» Data excerpt
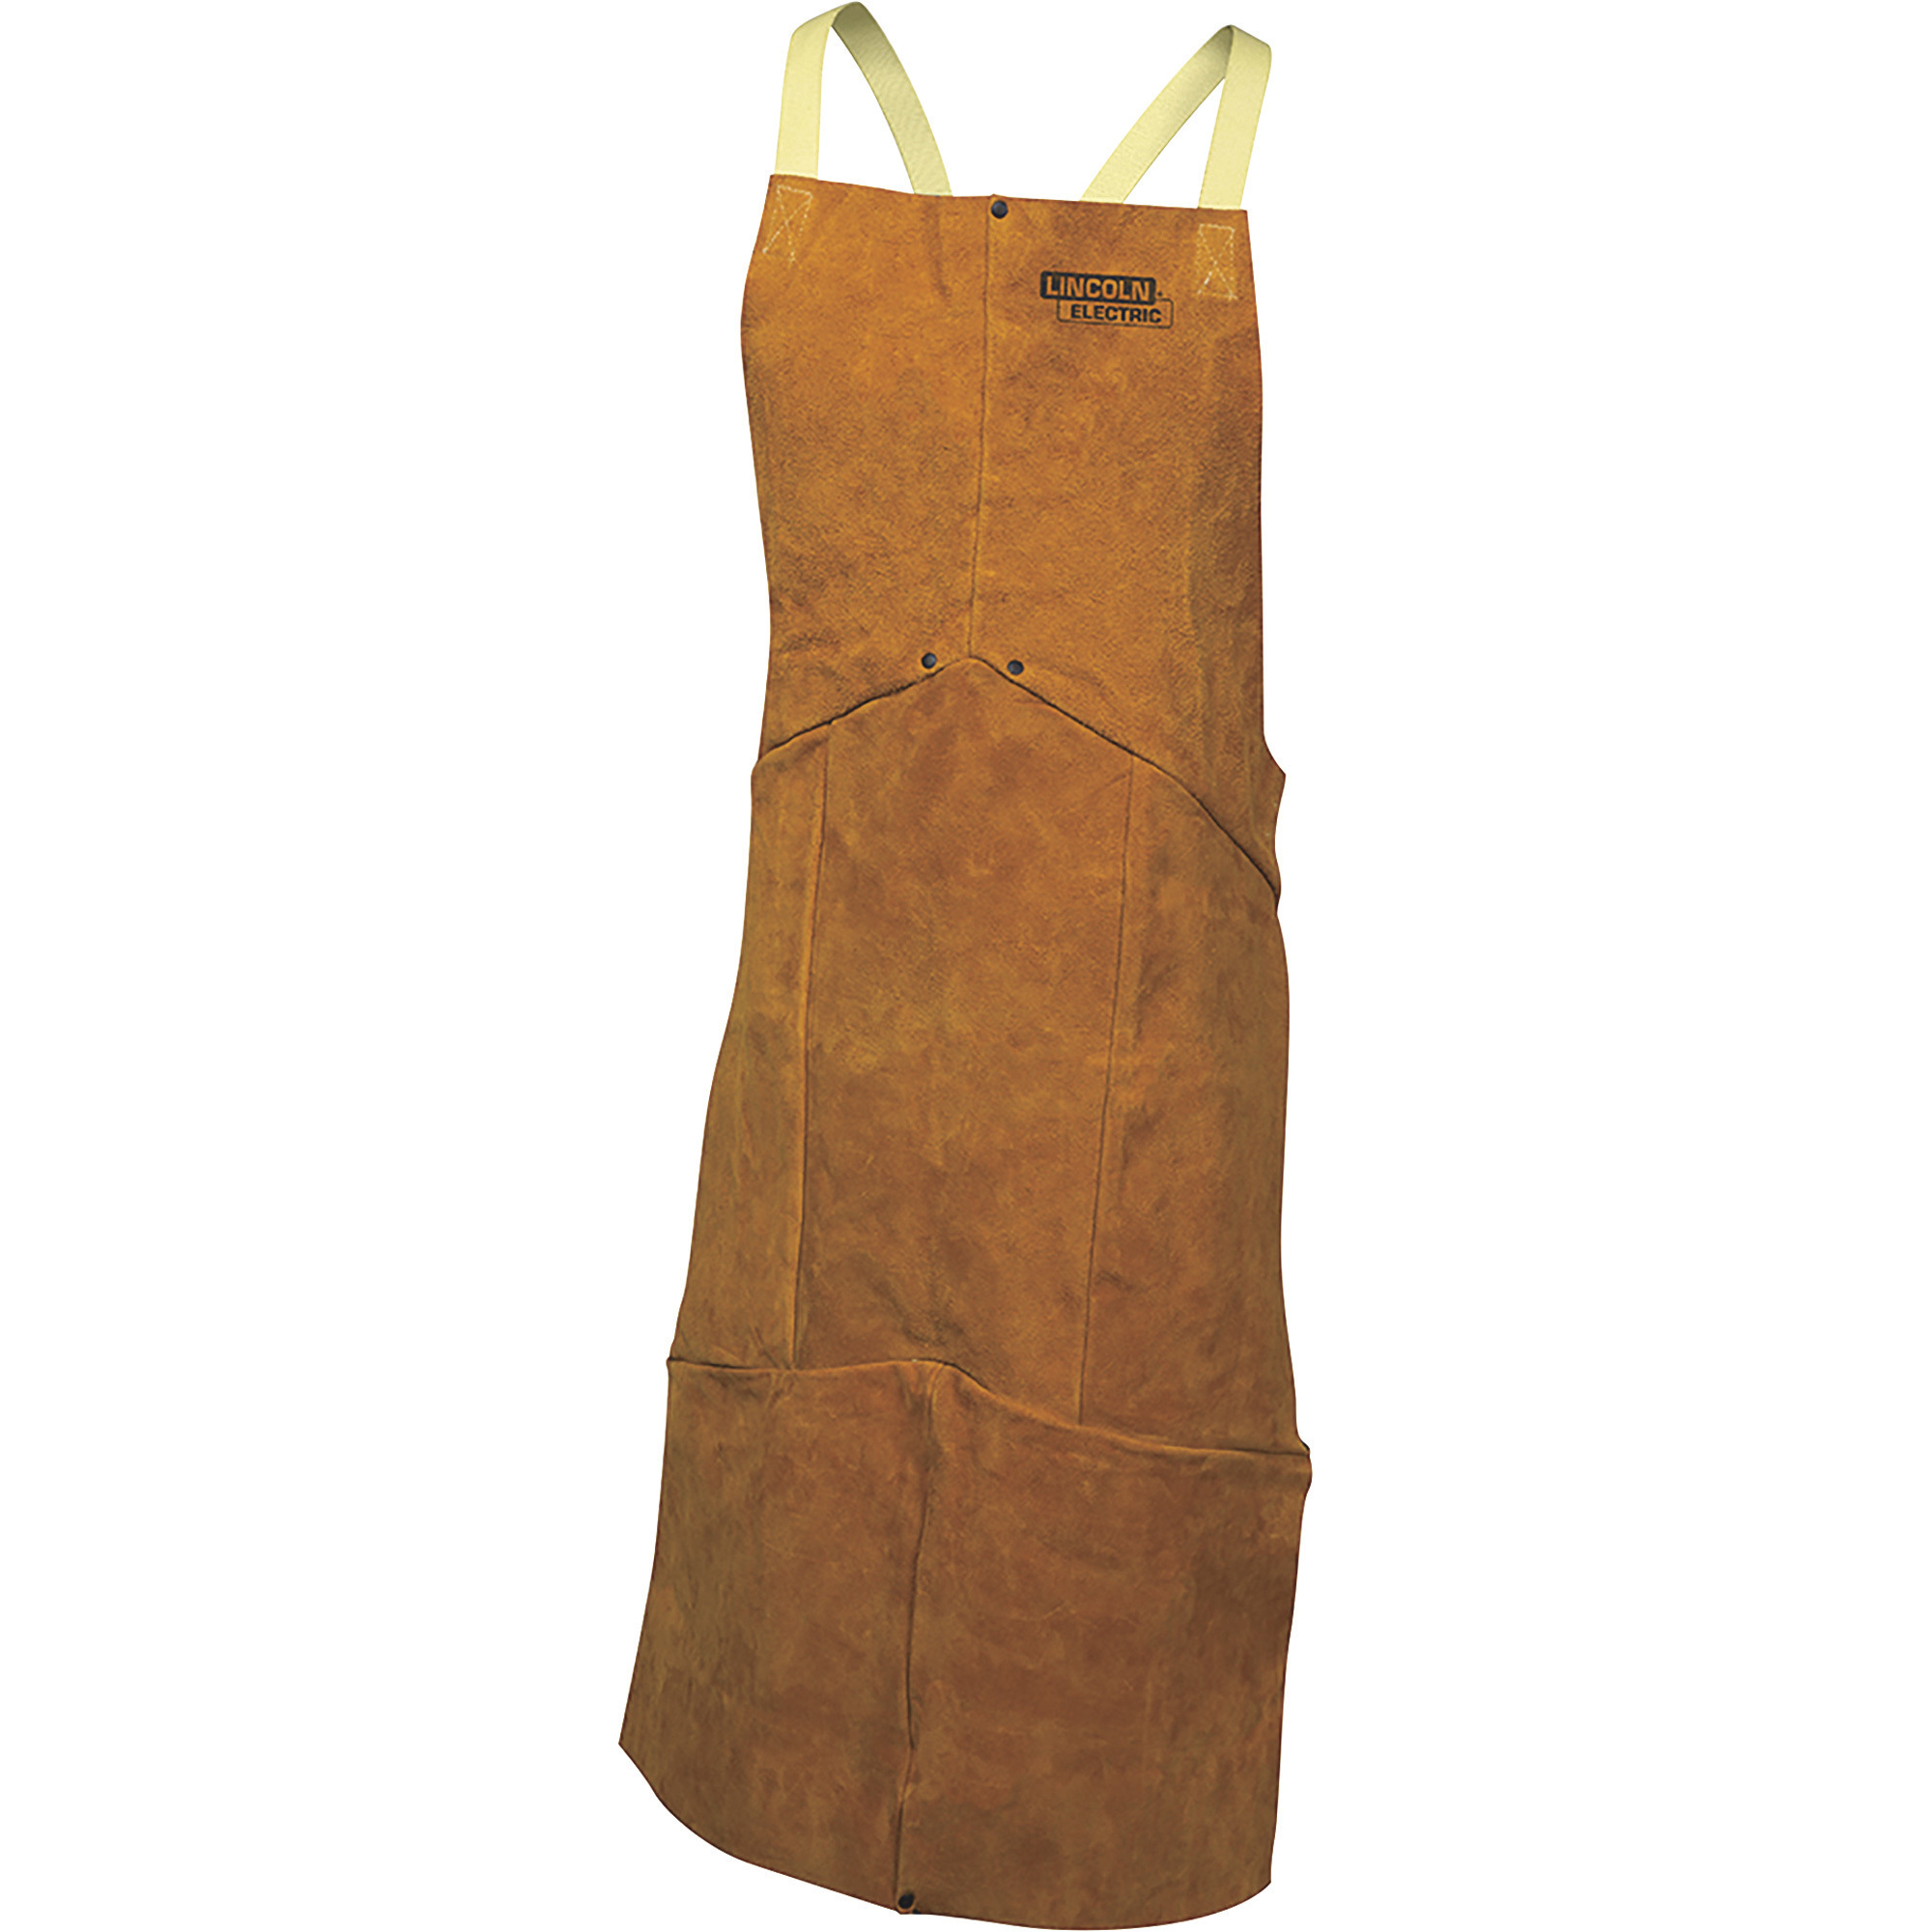 Lincoln Electric Flame-Retardant Leather Welding Apron, One-Size Fits All, Model KH804
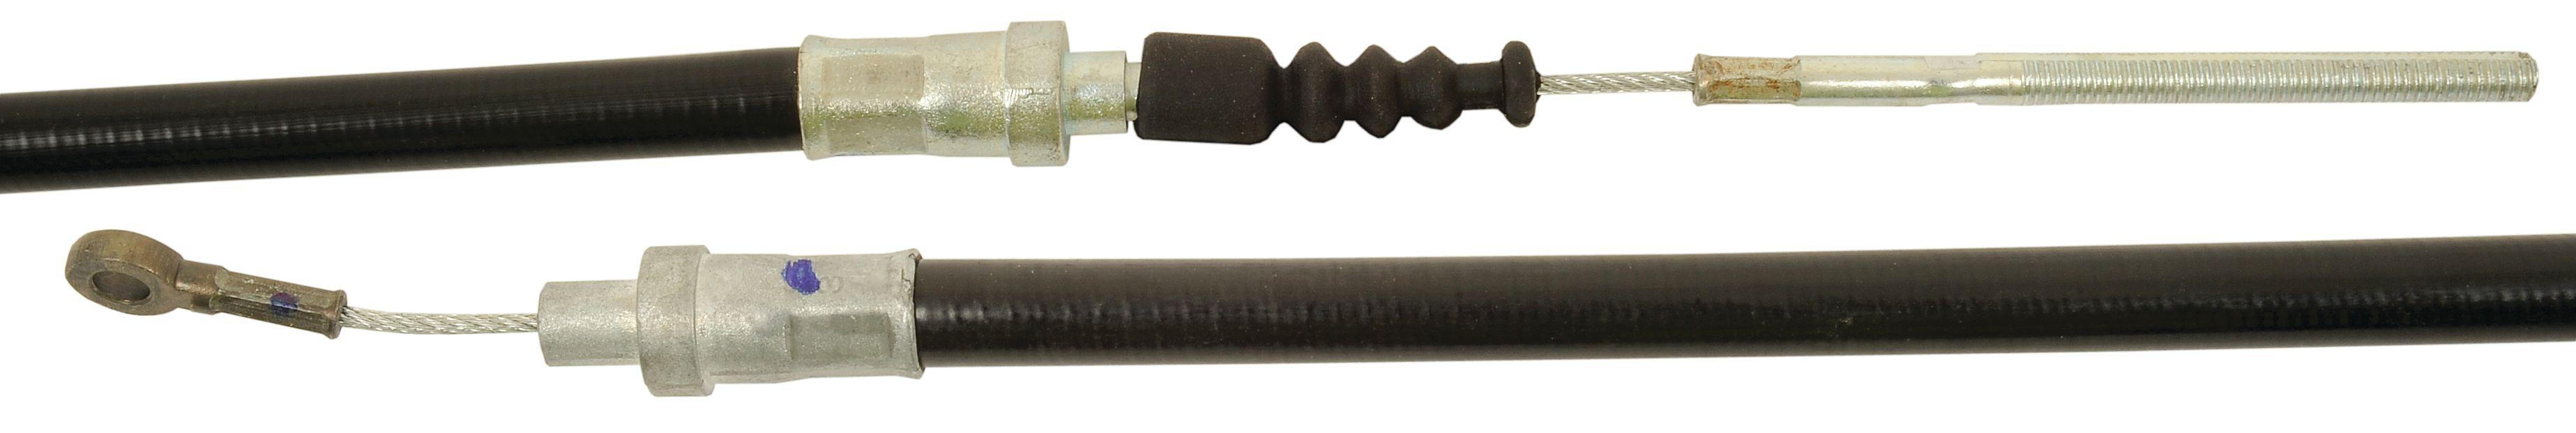 FIAT CABLE-HITCH PICK UP (1710MM) 43794
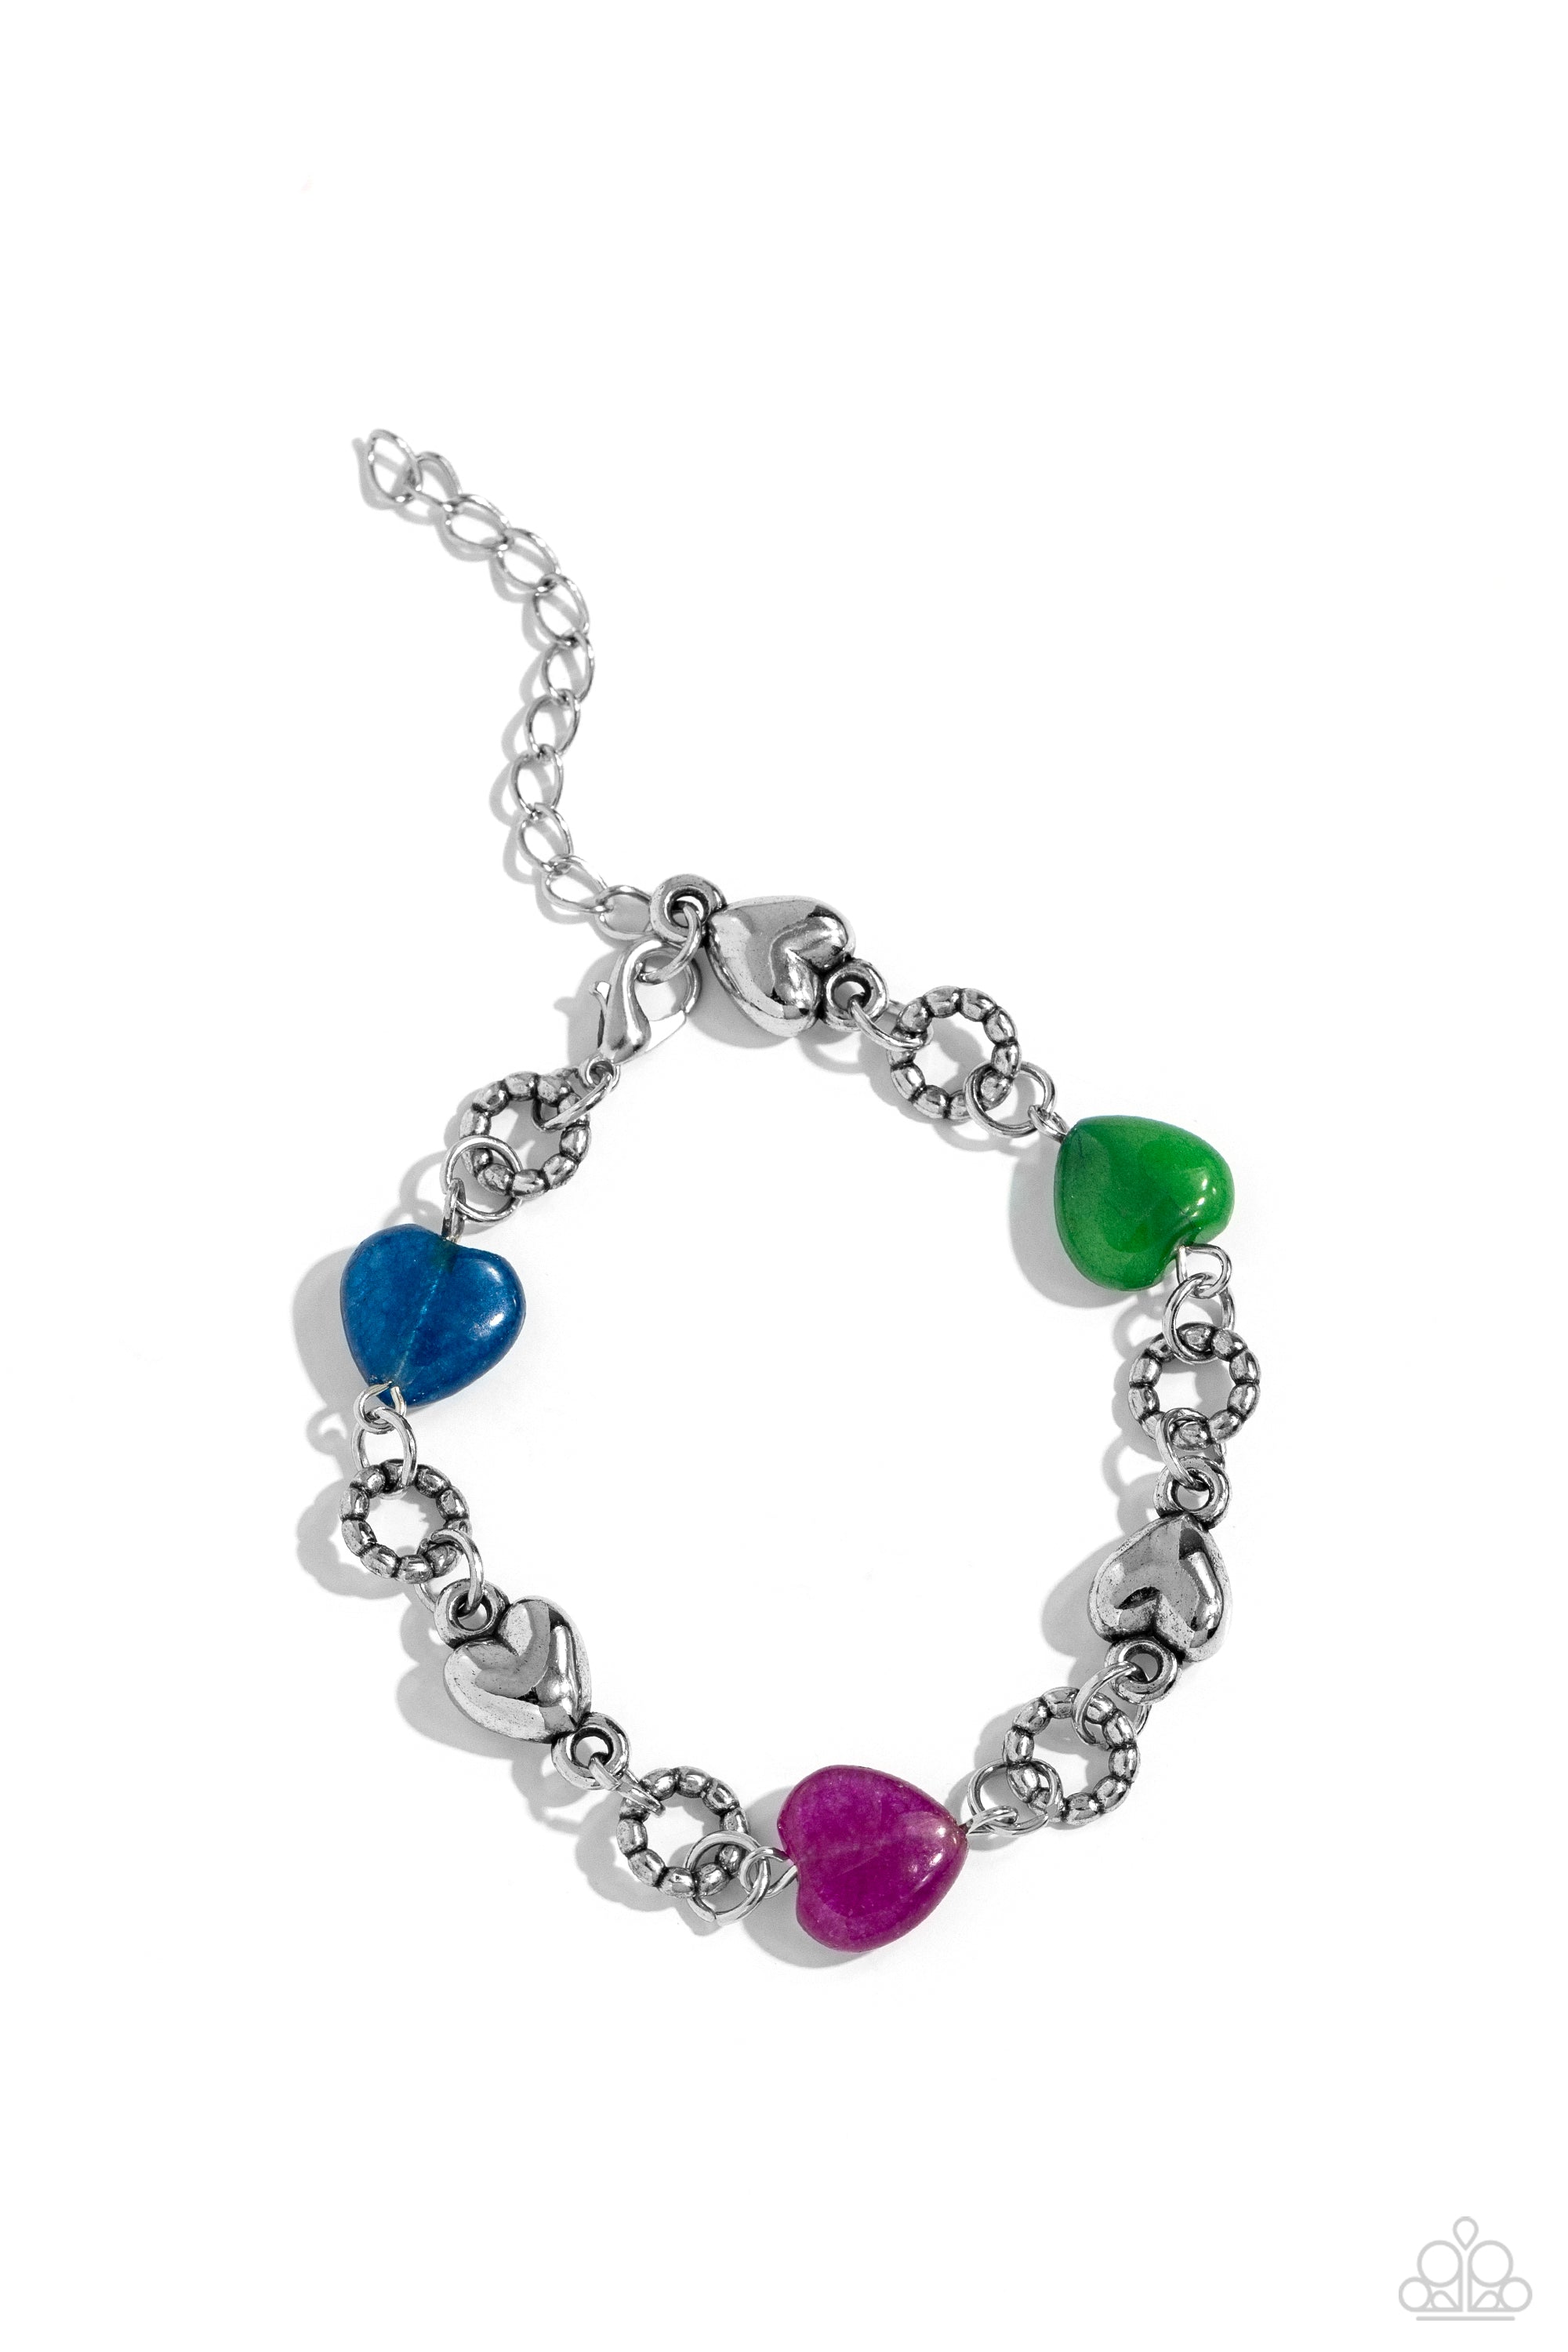 I Can Feel Your Heartbeat Multi Stone & Silver Bracelet - Paparazzi Accessories- lightbox - CarasShop.com - $5 Jewelry by Cara Jewels

» What you are asked to do
All of the data above should be quoted exactly, except for the pictures.

» Expected answer
 Lincoln Electric Flame-Retardant Leather Welding Apron, One-Size Fits All, Model KH804
 FIAT CABLE-HITCH PICK UP (1710MM) 43794
 I Can Feel Your Heartbeat Multi Stone & Silver Bracelet - Paparazzi Accessories- lightbox - CarasShop.com - $5 Jewelry by Cara Jewels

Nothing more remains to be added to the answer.